Norwegian’s traffic figures for May showed that Norwegian had 1.6 million passengers, an increase of 16 percent compared to the previous month.
“As we approach the busy summer months, we continue to ramp up production as planned to meet the increasing demand. Despite capacity constraints at certain airports, we manage to complete almost a 100 percent of our 400 daily scheduled flights with high punctuality,” said Geir Karlsen, CEO of Norwegian.
Punctuality, as measured by the number of flights departing within 15 minutes of scheduled time, was at 84.9 percent in May, an increase from 82.6 percent in April. As many as 97 percent of all flights arrived on schedule or no more than an hour late.
The number of passengers increases month by month, and the company notes that bookings for the summer period continue to grow.
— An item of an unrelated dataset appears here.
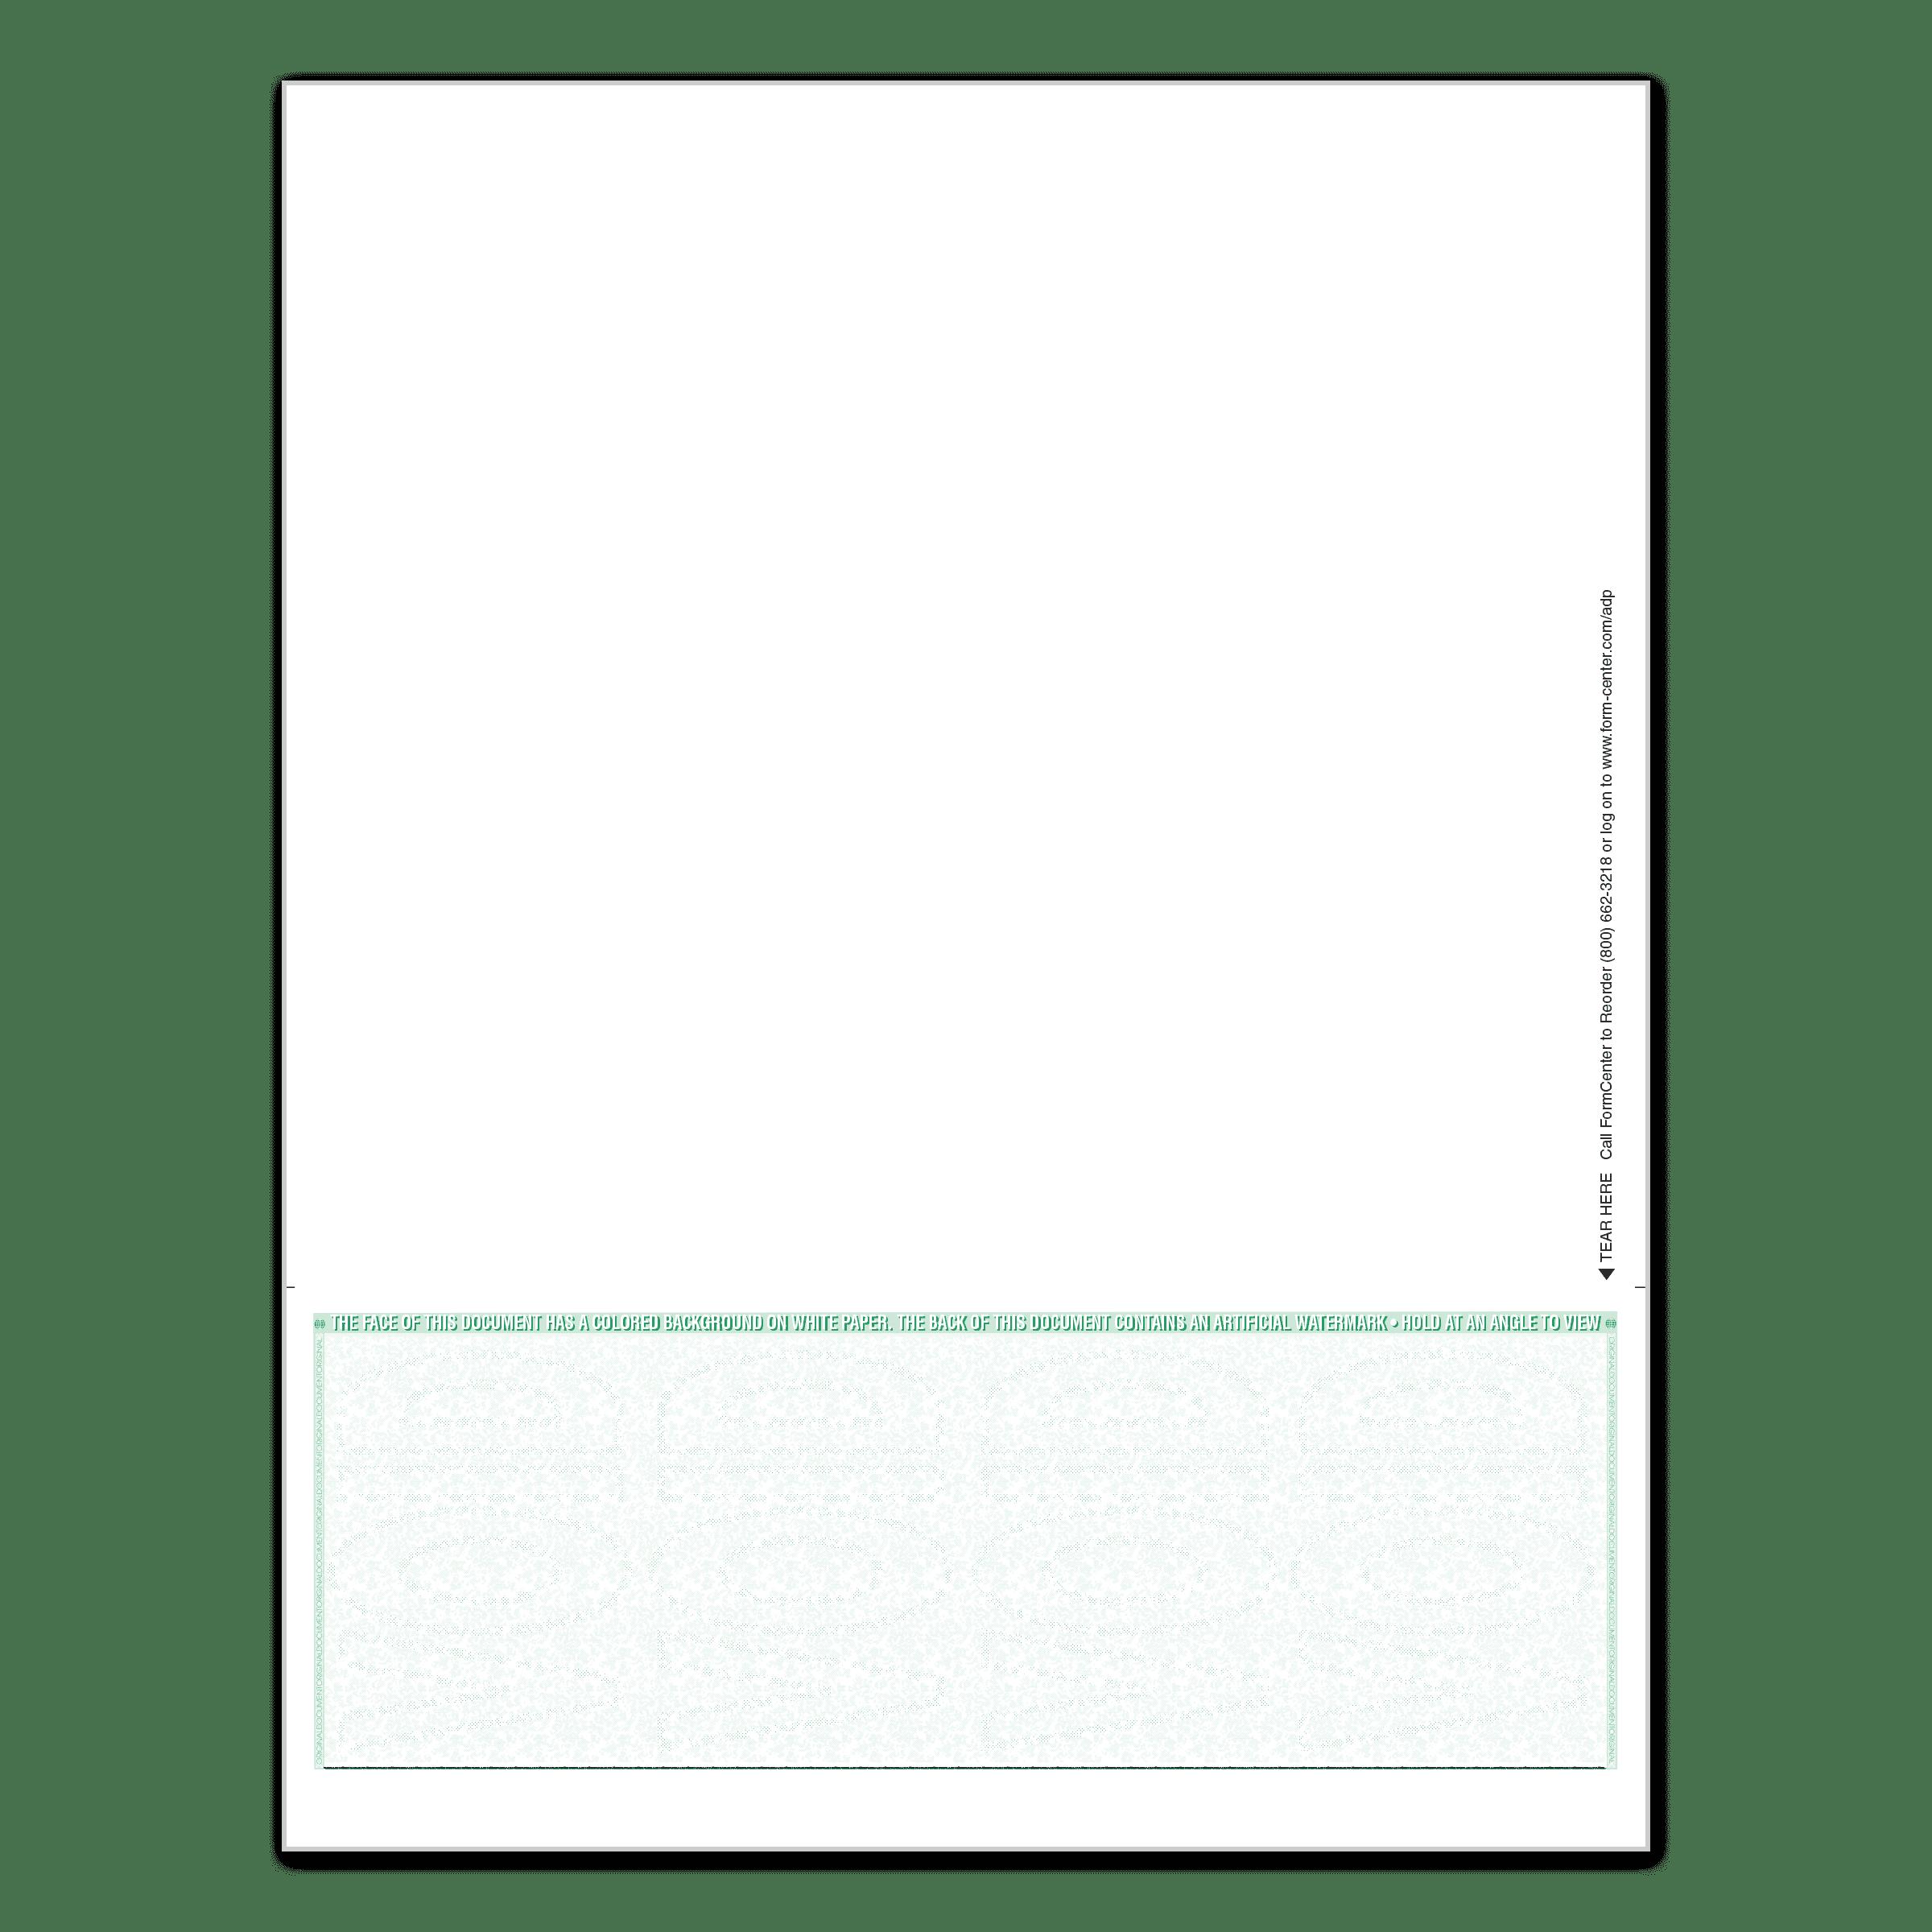 ADP RUN Blank MICR Checks

A lot of people have already booked tickets to sun and sand destinations and recently Norwegian has seen growth in the city destinations as well. During May, the company opened several new routes to serve the growing demand.
Norwegian had 1,628,040 passengers in May, as compared to 96,909 in May 2021. The load factor was 79.2 percent. The capacity (ASK) was 2,459 million seat kilometres, while actual passenger traffic (RPK) was 1,947 million seat kilometres. In May, Norwegian operated an average of 64 aircraft and 99.7 percent of scheduled flights were completed.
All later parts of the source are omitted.